Unfortunately, our compassionate-use program did not collect viral load data to confirm the antiviral effects of remdesivir or any association between baseline viral load and viral suppression, if any, and clinical response. Moreover, the duration of remdesivir therapy was not entirely uniform in our study, largely because clinical improvement enabled discharge from the hospital. The effectiveness of a shorter duration of therapy (e.g., 5 days, as compared with 10 days), which would allow the treatment of more patients during the pandemic, is being assessed in ongoing randomized trials of this therapy.
No new safety signals were detected during short-term remdesivir therapy in this compassionate-use cohort. Nonclinical toxicology studies have shown renal abnormalities, but no clear evidence of nephrotoxicity due to remdesivir therapy was observed.
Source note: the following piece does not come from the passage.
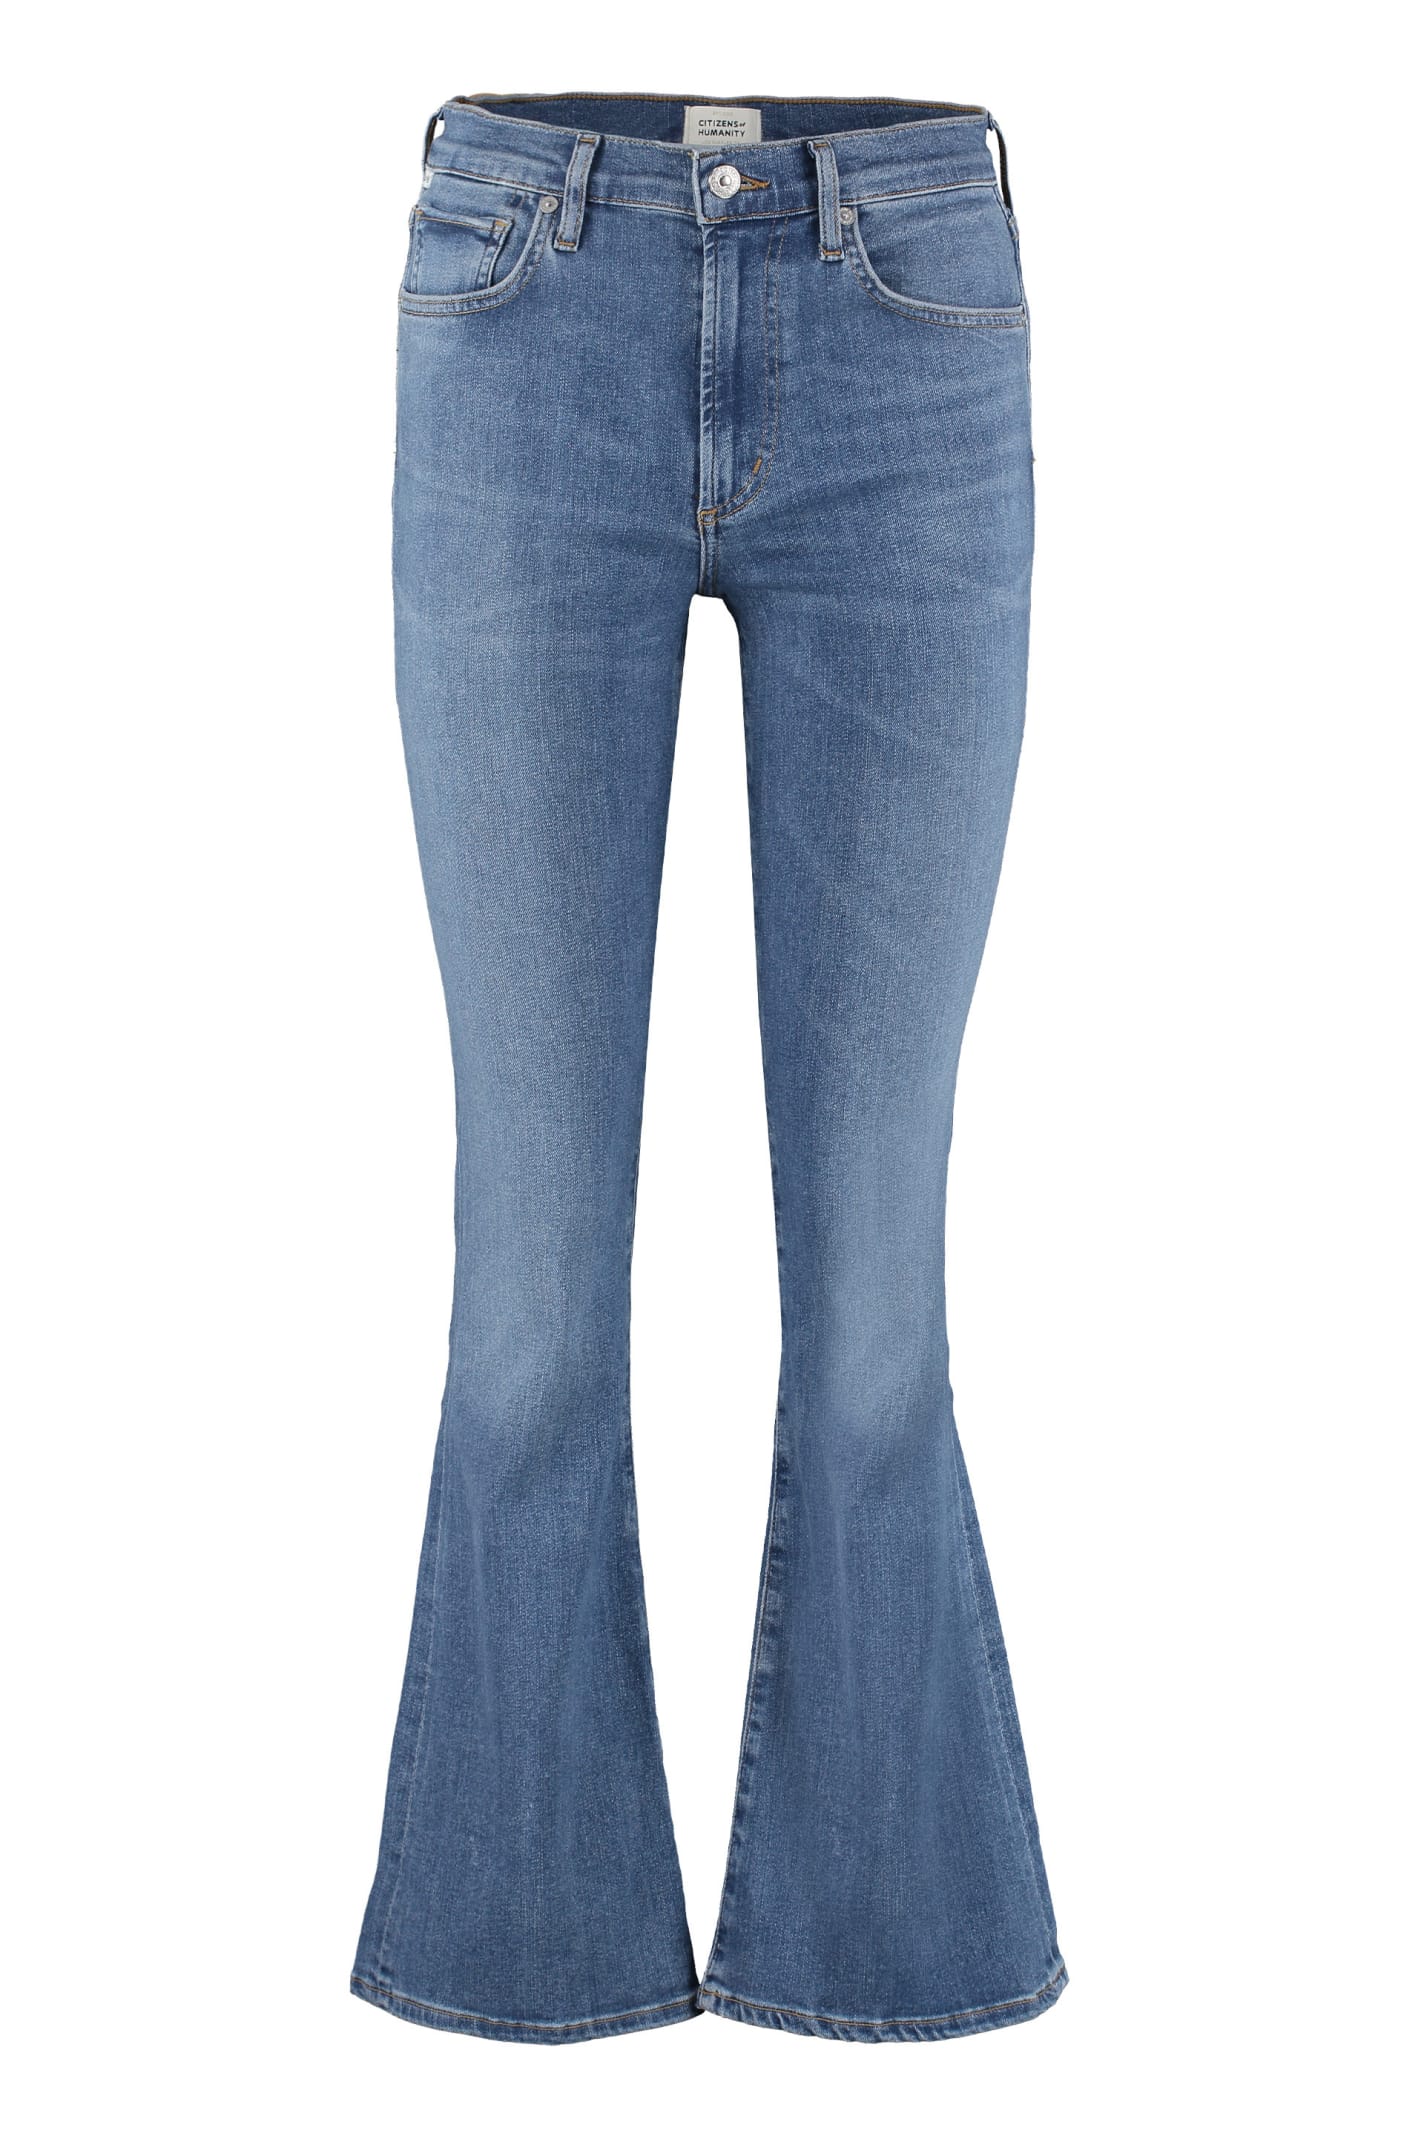 Citizens of Humanity Emannuelle Flared-slim Jeans

As reported in studies in healthy volunteers and patients infected with Ebola virus, mild-to-moderate elevations in ALT, AST, or both were observed in this cohort of patients with severe Covid-19.18,19 However, considering the frequency of liver dysfunction in patients with Covid-19, attribution of hepatotoxicity to either remdesivir or the underlying disease is challenging.29 Nevertheless, the safety and side-effect profile of remdesivir in patients with Covid-19 require proper assessment in placebo-controlled trials.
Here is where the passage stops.